Unsägliche Zustände: "Tiere nicht foltern!"

18.11.2015, 16:46
Zu einem Aufschrei in der Bevölkerung haben Berichte über unsägliche Zustände auch in steirischen Schlachthöfen geführt: Aus acht waren dem Verein gegen Tierfabriken Filme zugespielt worden, die teils erschütternde Brutalitäten gegen Schweine und Rinder zeigen. Reaktionen der Schlachthöfe sprechen für sich...

Tritte, brutales Eindreschen, Quälen durch Elektroschocker, Schlachten, ohne dass die Betäubung gegriffen hätte - für die versteckt aufgenommenen Videos  braucht man einen starken Magen. Viele entsetzte Reaktionen erreichten die "Steirerkrone", Tenor: "Wir essen zwar Fleisch, verlangen aber die würdevolle Behandlung des Tieres bis zum Tod. Quälerei gehört sofort abgestellt!" Auch der Grazer Bürgermeister Siegfried Nagl betont: "Wir müssen unsere Tiere schützen. Solche Zustände sind einfach untragbar."

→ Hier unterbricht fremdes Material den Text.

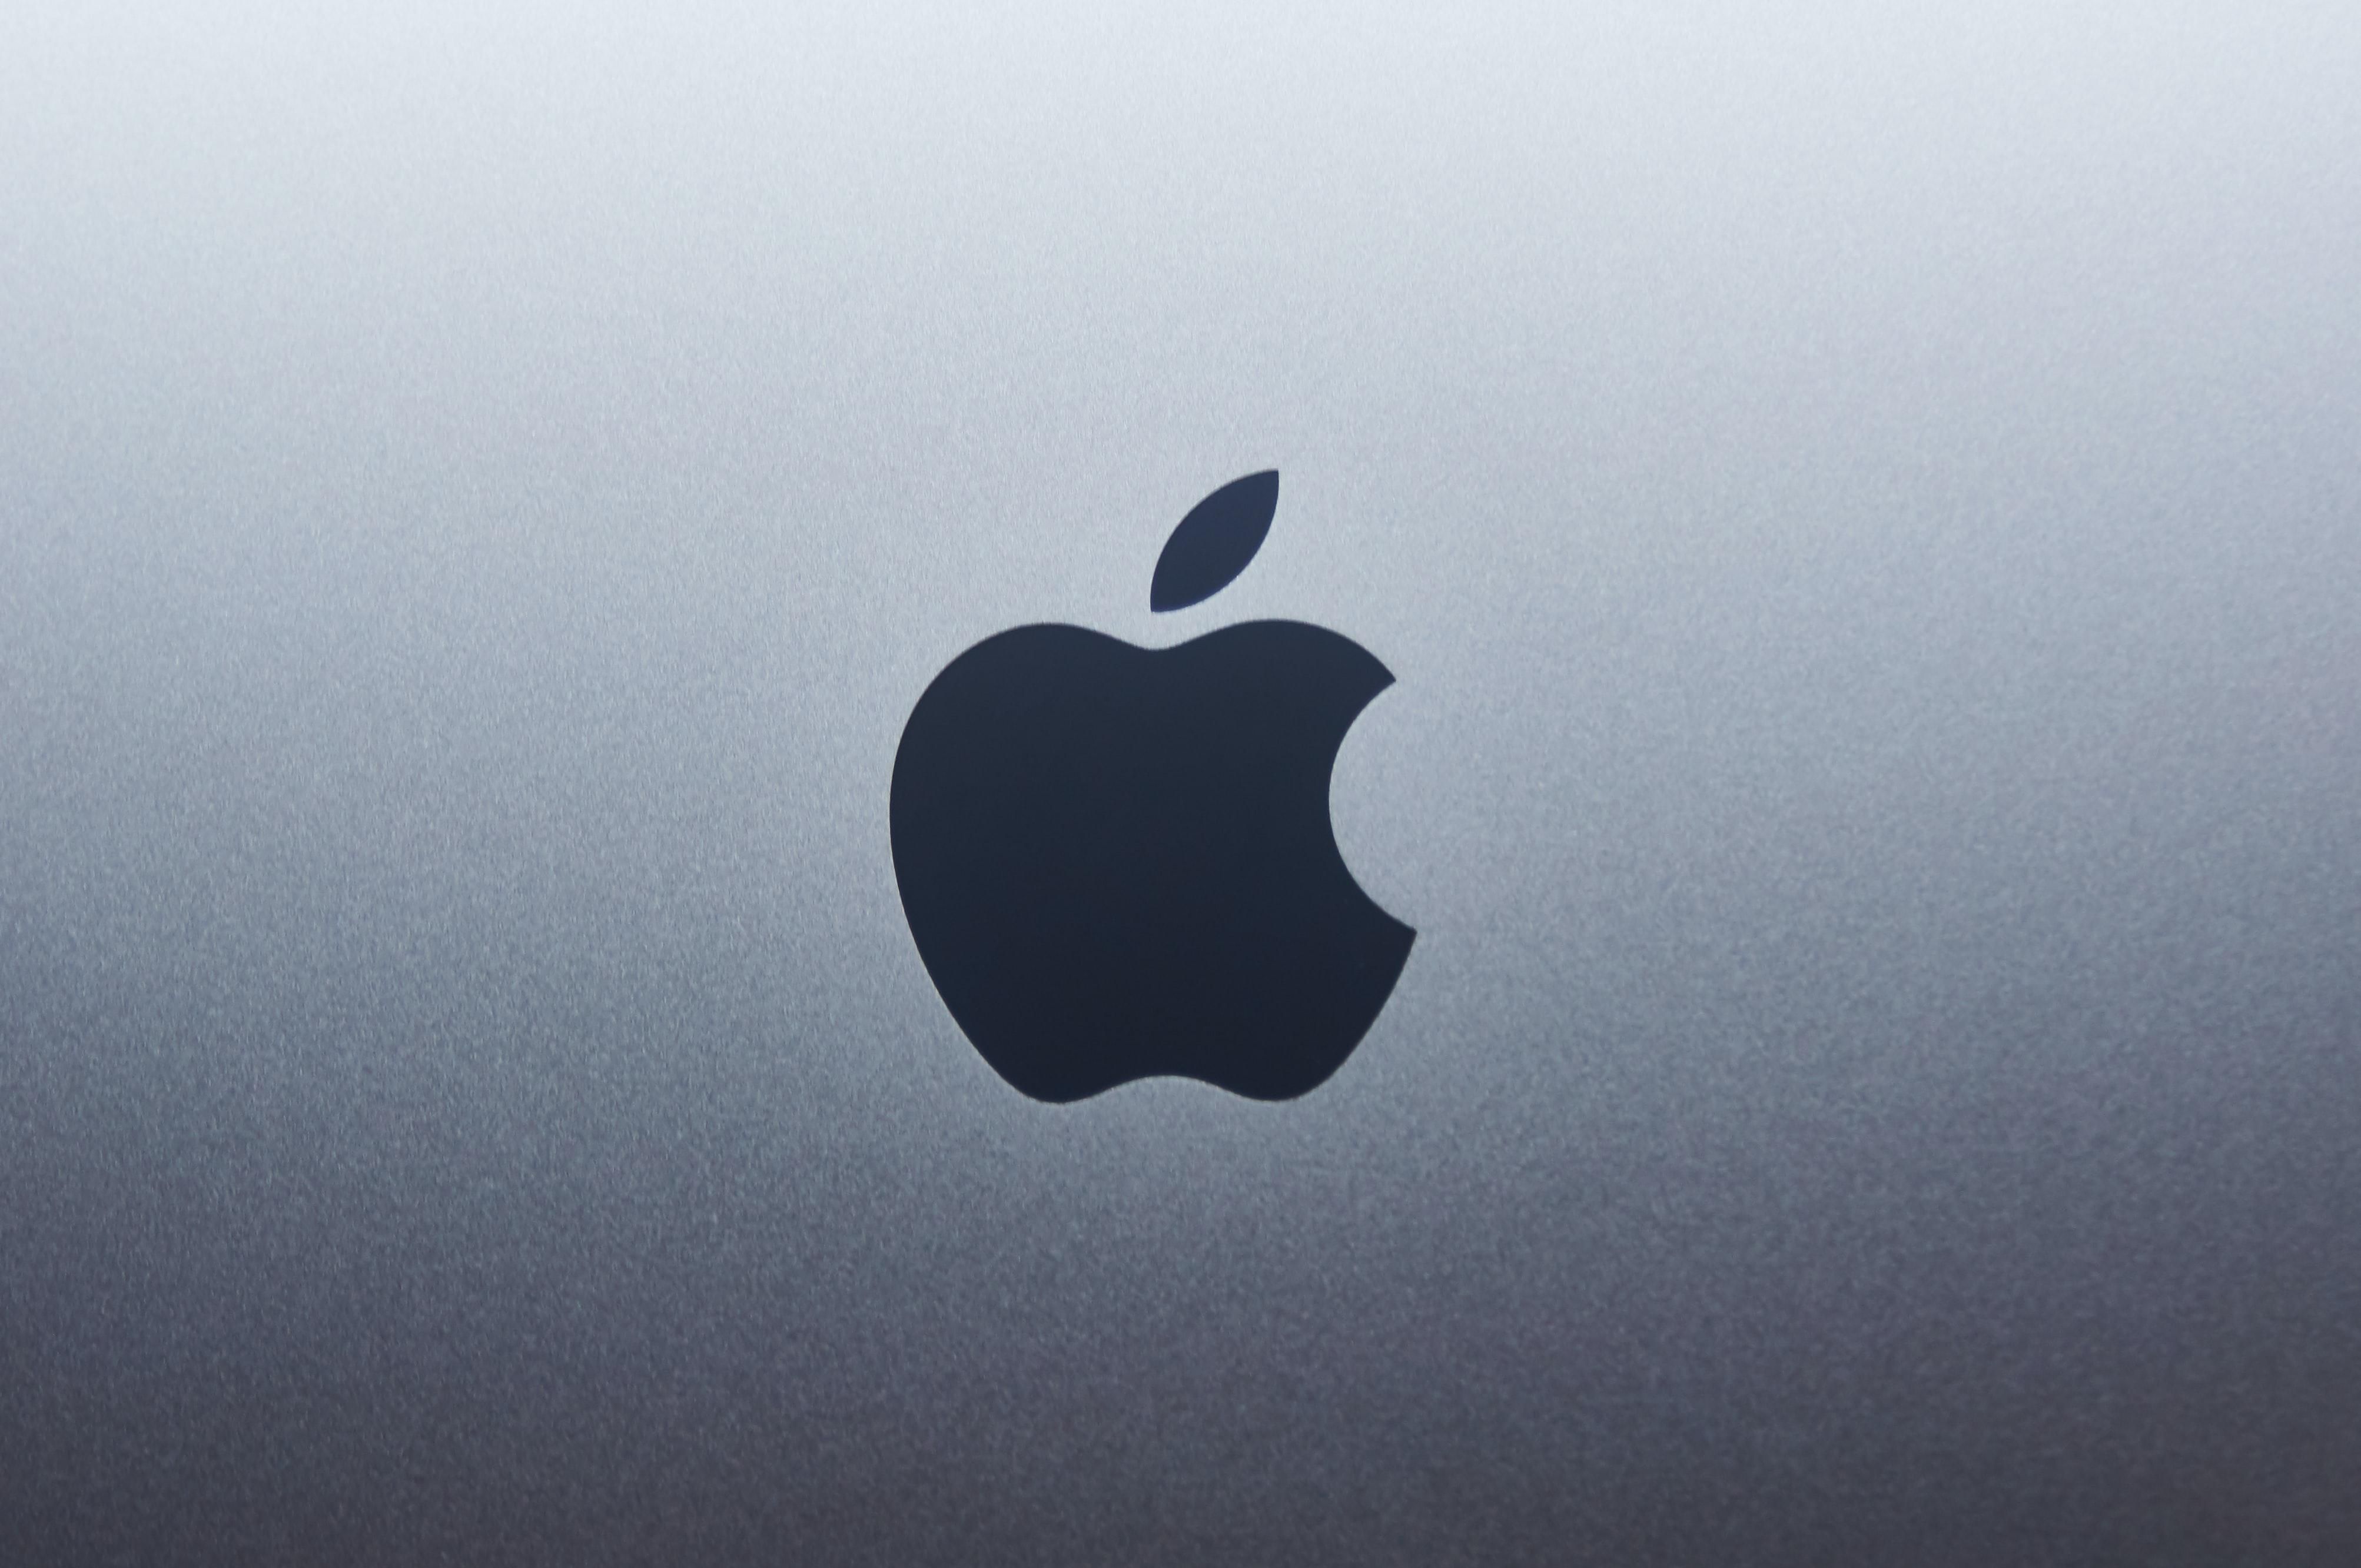 Az átvert Apple logója egy telefon hátulján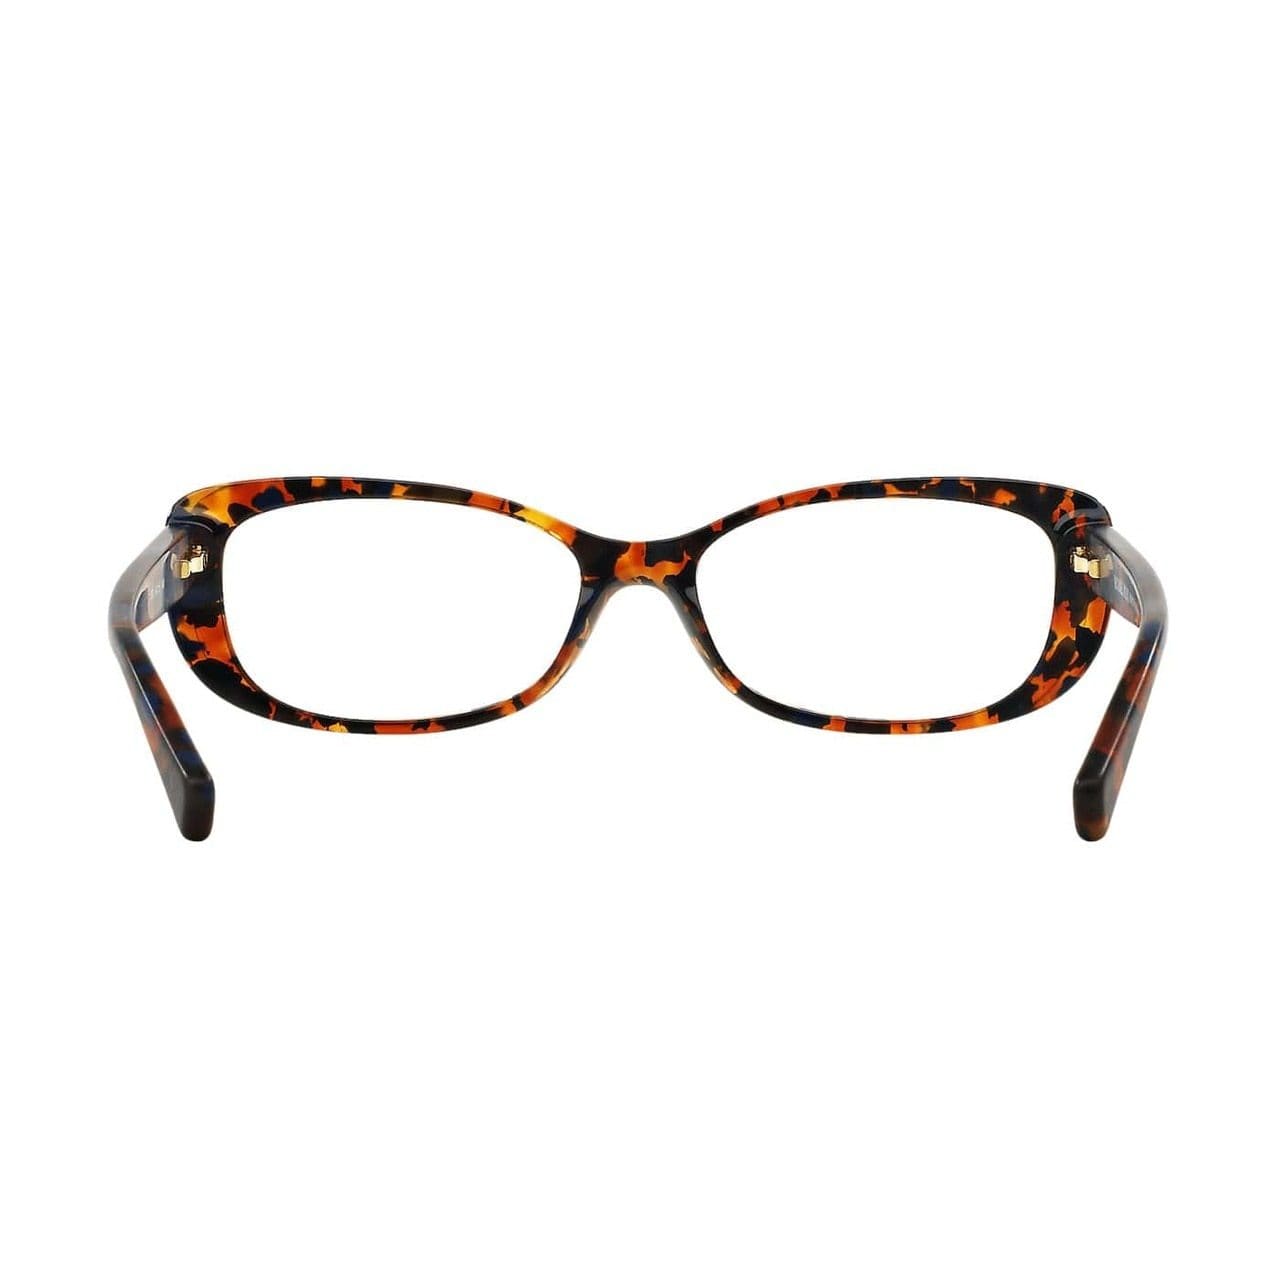 Michael Kors MK 4023-3063 Provincetown Navy Tortoise Rectangular Women's Eyeglasses 725125941518

Weitere offizielle Reaktionen: Die Veterinärdirektion sagt, dass die Behörde bei der Überwachung des gesamten Prozesses streng darauf achtet, dass Bestimmungen eingehalten würden. Wie kann es dann aber zu solchen Missständen kommen? Christopher Drexler verlangt, "die Vorfälle in den Schlachtbetrieben sind lückenlos aufzuklären und allenfalls rechtlich zu verfolgen" - hat das jedoch als fürs Veterinärwesen zuständige Landesrat in der Hand...

"Wir haben Verträge"

Styriabrid, das an einen Schlachthof liefert, der extrem grauenvolle Bilder lieferte, erklärt, dass  man die Fahrer weiterbilden werde, aber weiterhin dorthin Tiere bringen würde: "Wir haben Verträge." Der auch betroffene Grazer Schlachthof beteuert, zusätzliche Schulungen für alle in diesem Bereich tätigen Mitarbeiter sowie eine permanente Überwachung umgesetzt zu haben. Jedoch gilt das offenbar nur für den Bereich Elektroschocker; im Rest der Stellungnahme wird vordringlich abgeschwächt.

"Fehlverhalten unserer Mitarbeiter wurde sofort aufgrund von Schulungen eingestellt. Es werden in Zukunft vermehrte Kontrollen und Schulungen durchgeführt", teilt Hans- Peter Ramsauer aus dem Schlachtbetrieb in Heiligenkreuz lapidar auf gezielt gestellte Fragen mit!

Zynische Reaktionen disqualifizieren sich letztendlich selber. Aber Vorsicht: Kein Zuständiger  kann jetzt noch sagen, nichts von Missständen gewusst zu haben. Es muss sich sofort was ändern! Wir töten Tiere für den Genuss - sie aber noch zu foltern ist unentschuldbar.